Ms Go became editor of Dolly at 23 and revived its fortunes in the face of stiff competition. She said she was promised a big job after maternity leave but instead found herself sidelined.
“I thought OK, I have to do something about this,” Ms Go said. “I can either sit here and complain about it and feel sorry for myself or I can get the hell out of here and try and re-establish my career, which is what I did.”
Ms Go said in hindsight she put a “ridiculous” amount of pressure on herself. When her eldest son Jackson, now 25, started school, she was the full-time editor of Elle magazine. She would take him to school near home in the eastern suburbs, go to work in North Sydney for a few hours, drive back across the bridge to do reading mornings in his classroom and then race back to work and catch up.
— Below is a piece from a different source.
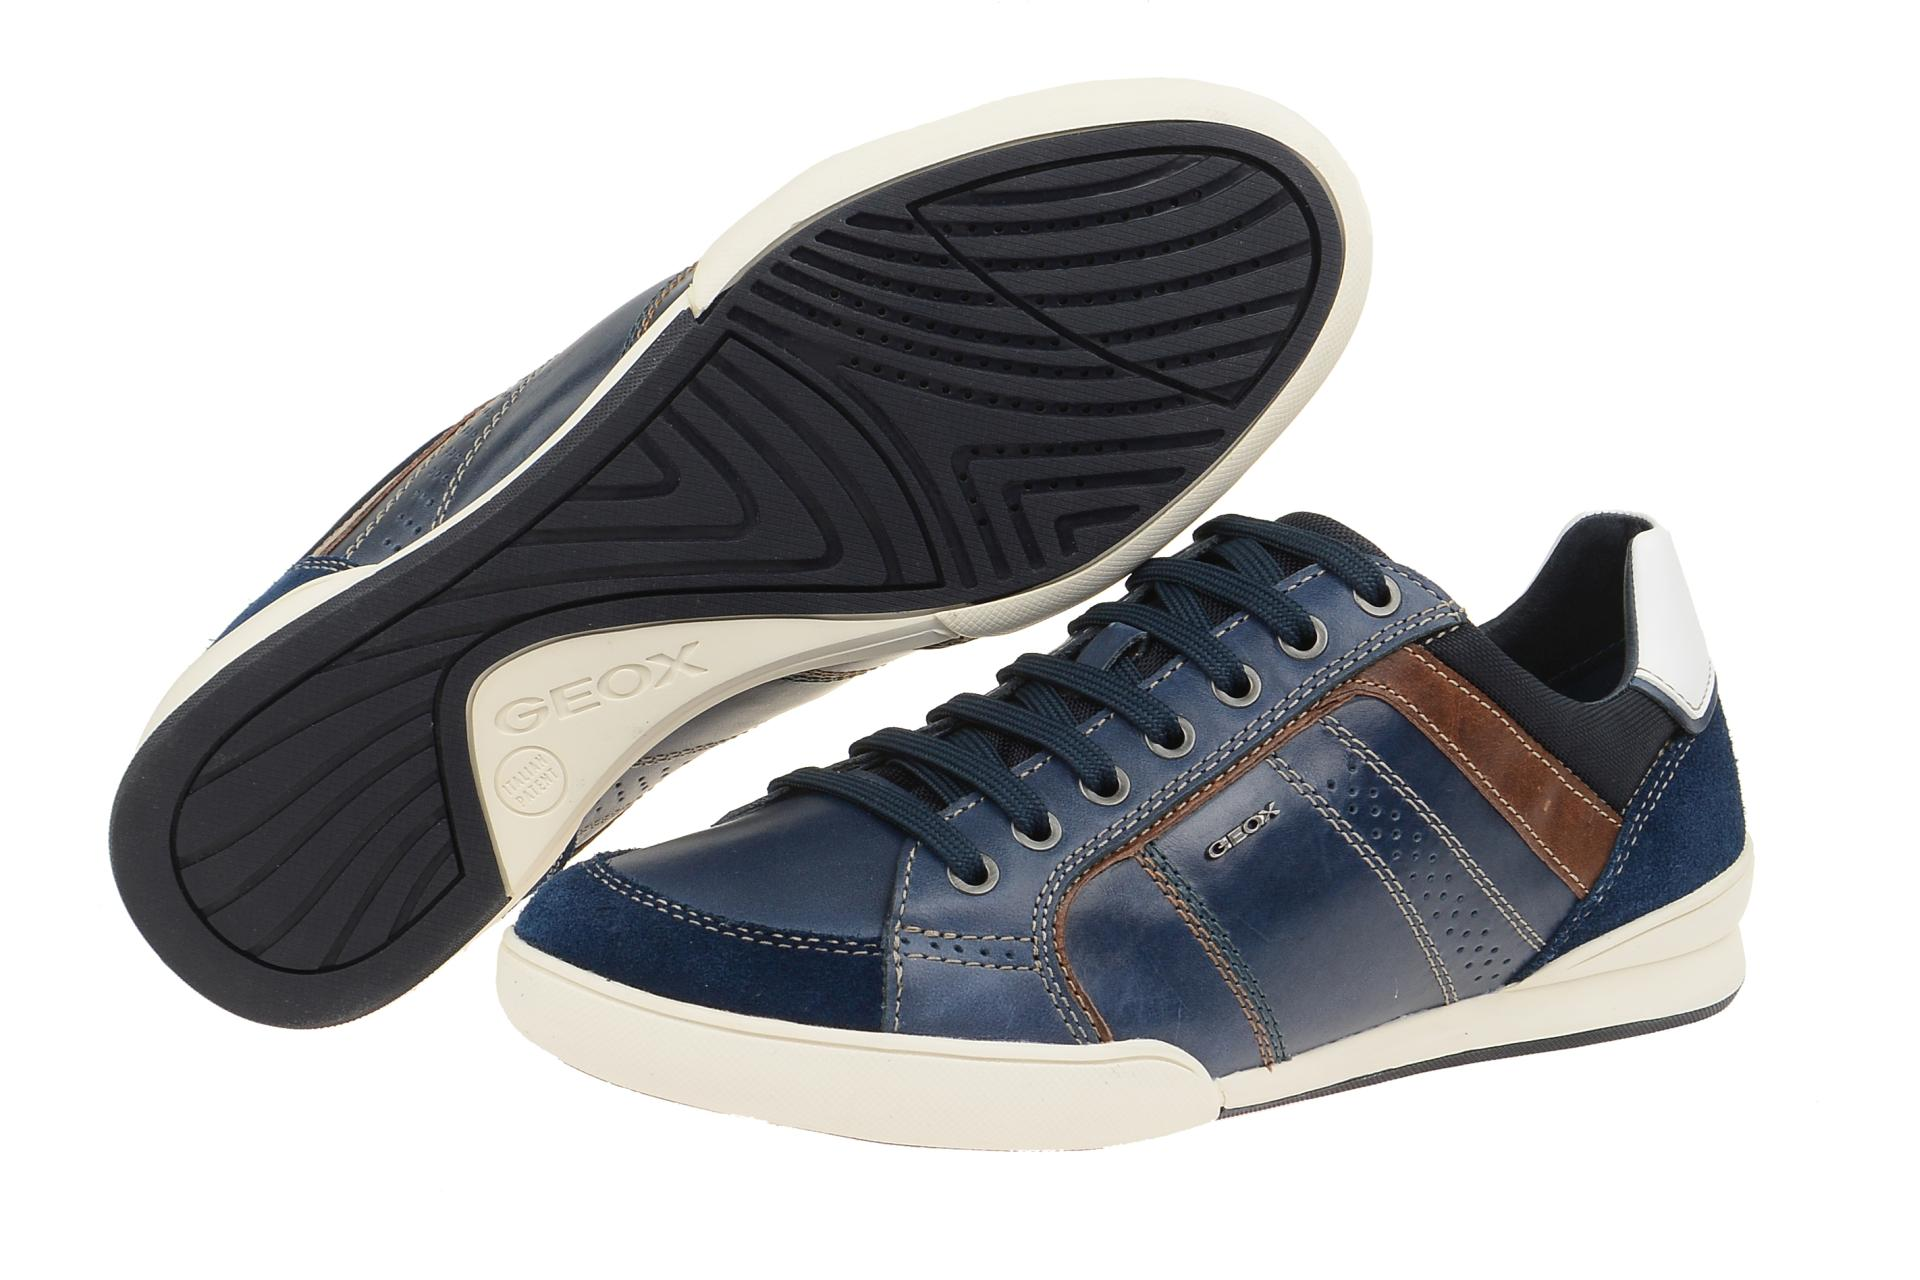 Geox Schuhe KRISTOF blau Herrenschuhe sportliche Halbschuhe U620EA 0FF22 C4072

She also started an MBA when Jackson was a toddler and before Lachlan, now 21, was born. Her husband shifted to night work to share the load but the person who really made it work for the family was Marina’s dad who came down from the Blue Mountains every week to help with the juggle.
“My dad became almost like the nanny for us,” Ms Go said. “He was retired and because he's Chinese he didn't want anyone else to look after his grandchildren are so he came and stayed at our house three nights a week and I was able to then work long nights those nights or go out to events or do things that I had to do in my role as editor of a magazine.”
Ms Go worried her sons would resent the time she spent at work, but they’ve grown up to be “wonderful, well-adjusted young men”. “I have this great relationship with them and they don't remember that I was ever not around,” she said.